His name is Doctor Bynum and he's as handsome as Apollo and a bacteriologist, which is worse than a prohibitionist, for while the last-named won't let you drink whisky in peace, the other won't let you drink water in peace. Still, Miss Irene says he has the most honest brown eyes and the warmest, most comfortable-feeling hands she ever saw and she was beginning to love him in spite of their souls being on different planes.

"He doesn't care for one line in literature," she told mother, who is very fond of her and would like to see her settled in life. "I've tried him on everything from Marcus Aurelius to Gray's Elegy. When I got to this last he said, 'Good Lord! Eliminate it! It's my business to keep folks out of the churchyard instead of droning ditties after they're in it!' Now, do you call that anything short of savage?"

"I call it sensible," mother told her.

"But I hate sensible people—with no nonsense."

"Oh, nonsense is necessary to the digestion," mother answered quickly, "we all know that. But a little sense, now and then, it takes to pay the market men."

"Which, being interpreted, means that you're like grandmother. You hope I'll marry Doctor Bynum, but you greatly fear that it will be Gerald Fairfax!"

"All I have to say is that 'The Raven' is not a good fowl to roast for dinner," mother answered, with a twinkle in her eye, for Jean had come home from Mrs. West's the day before and said that Mr. Fairfax had been reading The Raven so real you were afraid it would fly down and peck your eyes out.

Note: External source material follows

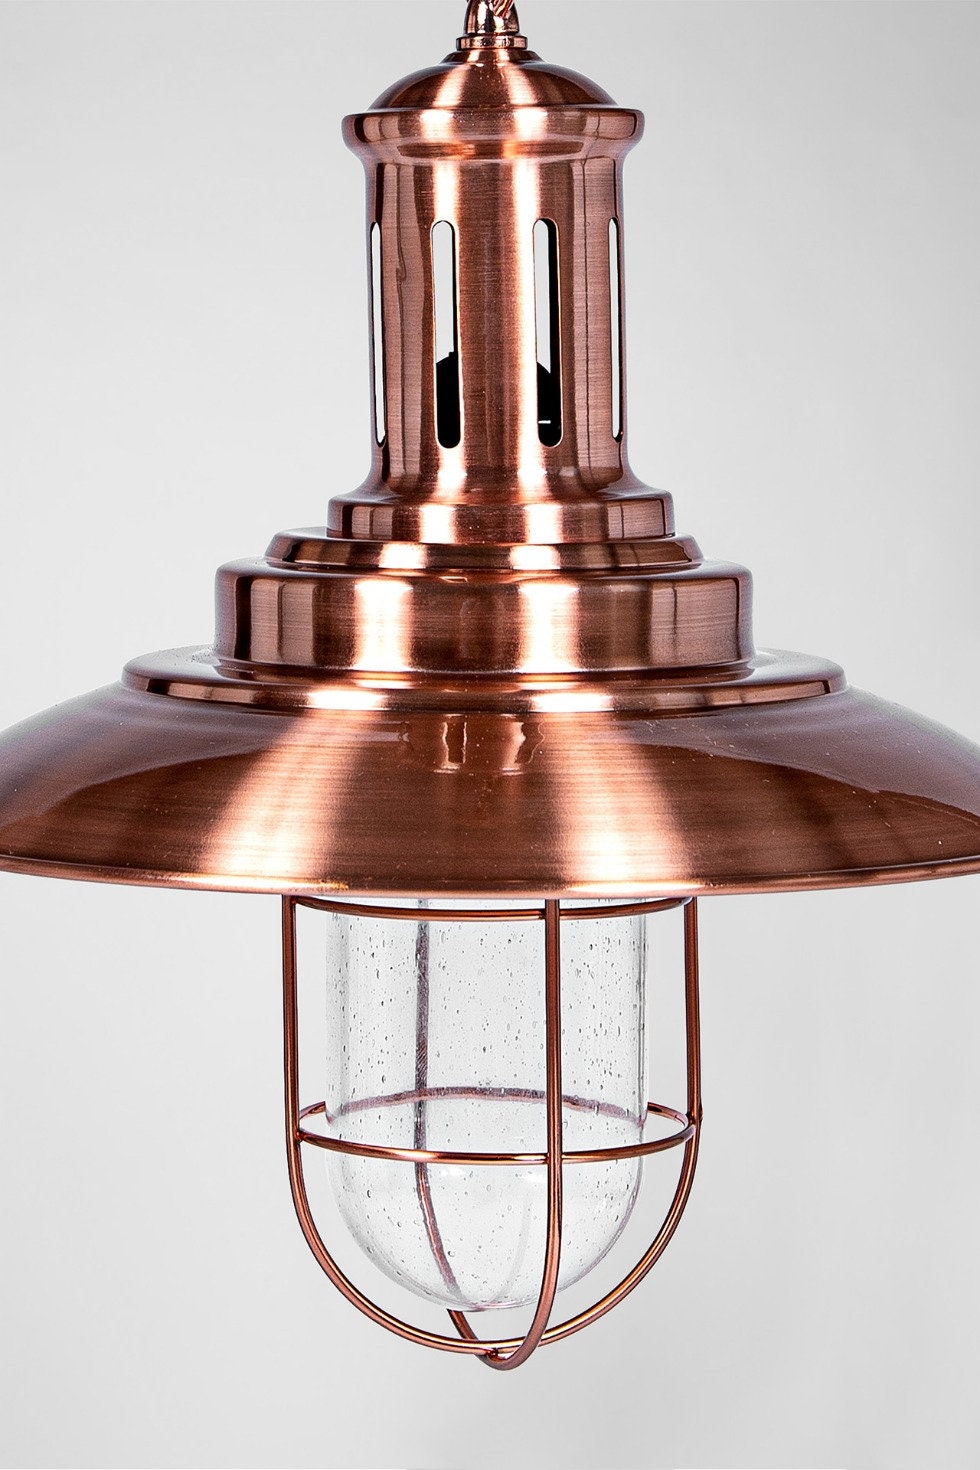 Mrs. Copper Satin - Retro Vintage Industrial Design Copper Metal Pendant Lamp

"Oh, Gerald and I don't believe in flesh foods!" she said loftily, then added quickly, "but I'm not going to marry him. Neither am I going to marry a man who calls my reincarnation theory 'bug-house talk.' I came away down here the very day after he said that, without telling him good-by or anything. And I'm just disappointed to death that he has not followed me long ago. I thought sure he would!"

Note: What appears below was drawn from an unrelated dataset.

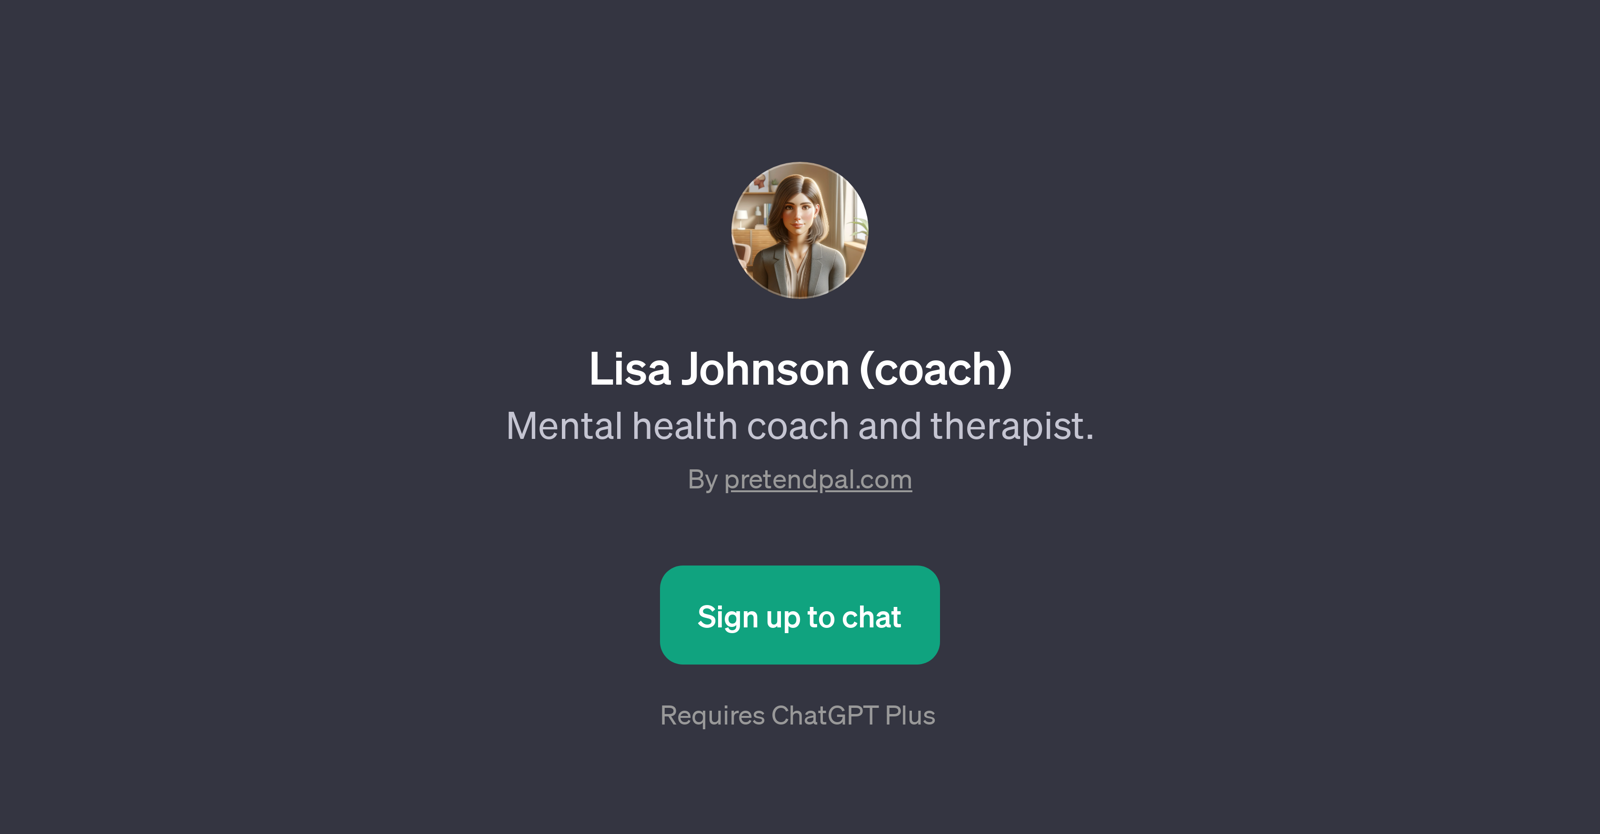 Lisa Johnson (coach) website

"You don't deserve that he should ever think of you again," mother told her, looking as severe as she does when she tells me I'll never get married on earth unless I learn to be more tidy.

"I confess the 'conflicting doubts and opinions' do give me indigestion. Doctor Bynum has the most good-looking face I ever saw. And he's just lovely when he isn't perfectly hateful, and—mercy me! I think I'll get Mammy Lou to give me a spoonful of soda in a glass of warm water. I have an awful heaviness around my heart!"